Seqanswers Leaderboard Ad

Collapse

Announcement

Collapse
No announcement yet.
X
 
  • Filter
  • Time
  • Show
Clear All
new posts

  • #16
    We have a lot of comparisons of DINDEL, complete genomes, samtools, and other advanced indels caller, for deep whole genomes, 1000x sample low-pass whole genomes (1000g) and multi-sample exomes. Guillermo del Angel, who is writing the indel caller [plus a recalibrator and filtering program] as well as developing evaluation models, just submitted our 1000G calls (like 5 minutes ago). Over the next few weeks we'll be pushing a lot of our slide decks up to our public dropbox (have a look at the GSA wiki for the link) and there'll be a treasure-trove of analyses, evaluation material, etc. soon. All of these tools -- including our own -- are doing an ok job at indel calling, but there's still a long way to do before indels are as well handled as SNPs.

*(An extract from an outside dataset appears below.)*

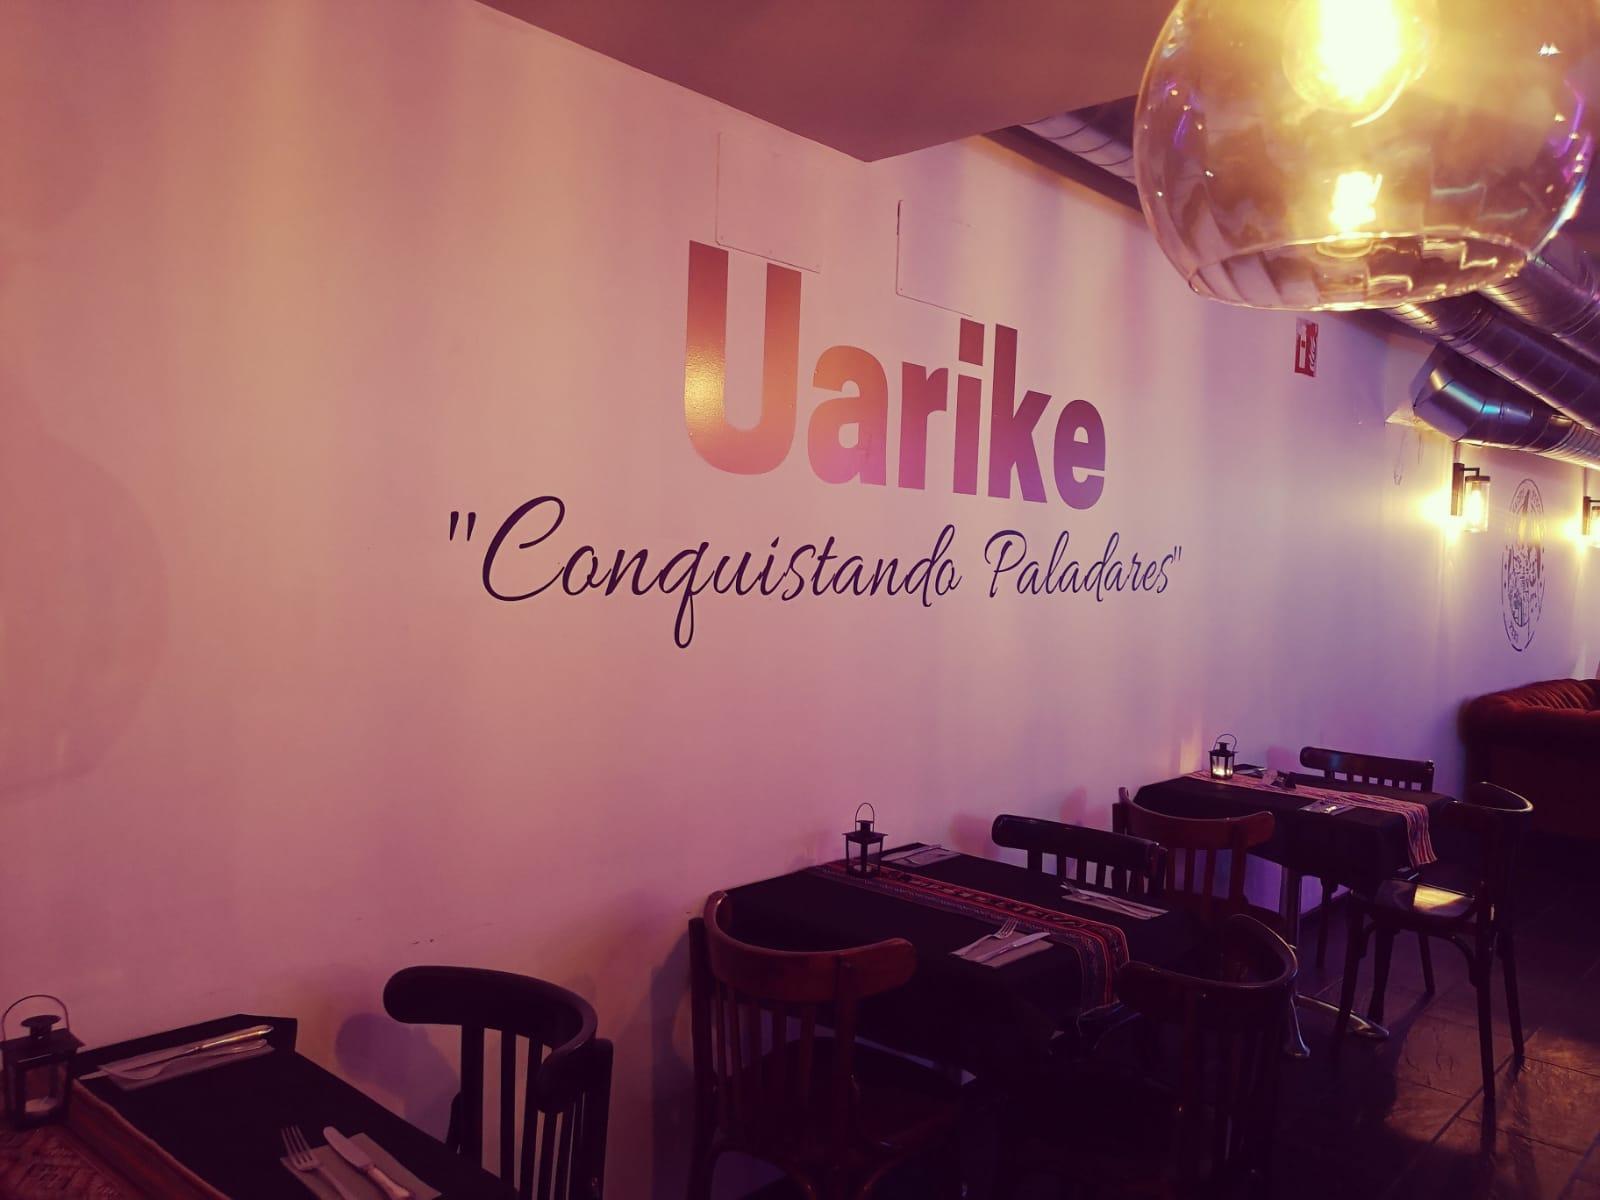 Restaurante Uarike

    Glad everyone is enjoying the GATK! If you want to see some crazy fun software engineering -- the slide archive has a presentation on automated distributed parallelism in the GATK, which is live in the codebase. I'd be very interested to hear if people start using this. Also, the engine as of yesterday is doing AWS S3 distributed logging so we should soon be aware of bugs as soon as they occur, anywhere in the world.

    Comment


    • #17
      Mark, thanks a lot for your updates here (and for your previous help on your GetSatisfaction page). Your project is of course quite valuable to the rest of us all. I'm looking forward to those slides.

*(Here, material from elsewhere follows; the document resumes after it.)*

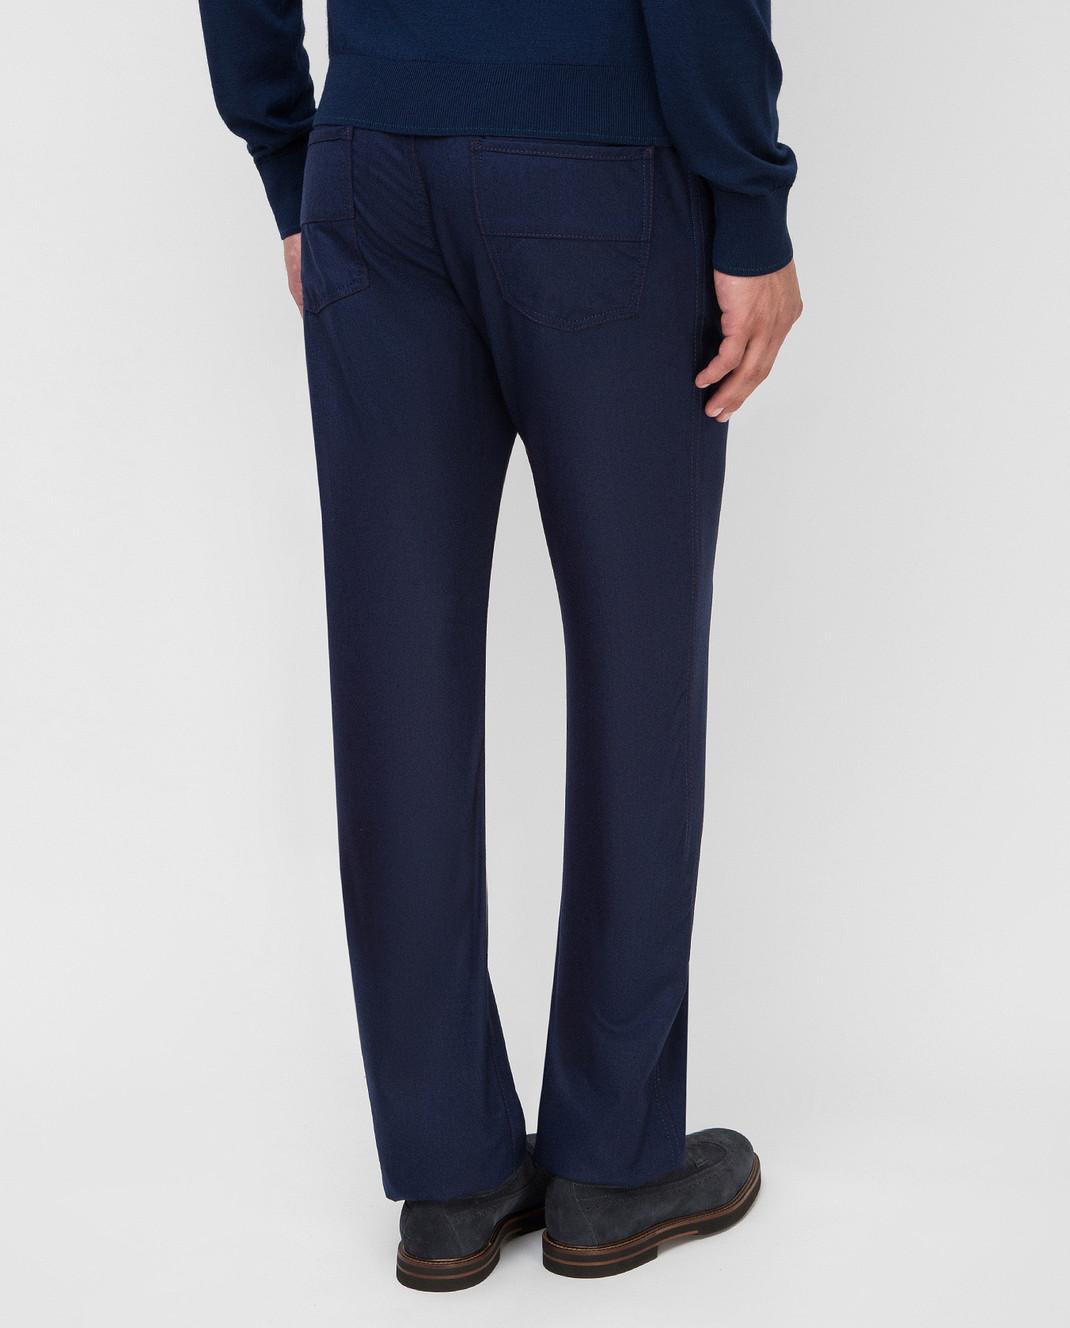 Castello d'Oro Темно-синие брюки из шерсти изображение 4

      For everyone's information, I did just run the DINDEL function through Unified Genotyper on an exome dataset.
      It came out with about 10% the number of indels as it previously found SNPs. This is many fewer than the Dindel program using default settings. However, I generally expect to find 10% the number of indels as SNPs based on past research (see 1001 publications about the topic!), so I'm actually pleased with the number (because I found about 36k SNVs, so 3-4k indels seems reasonable).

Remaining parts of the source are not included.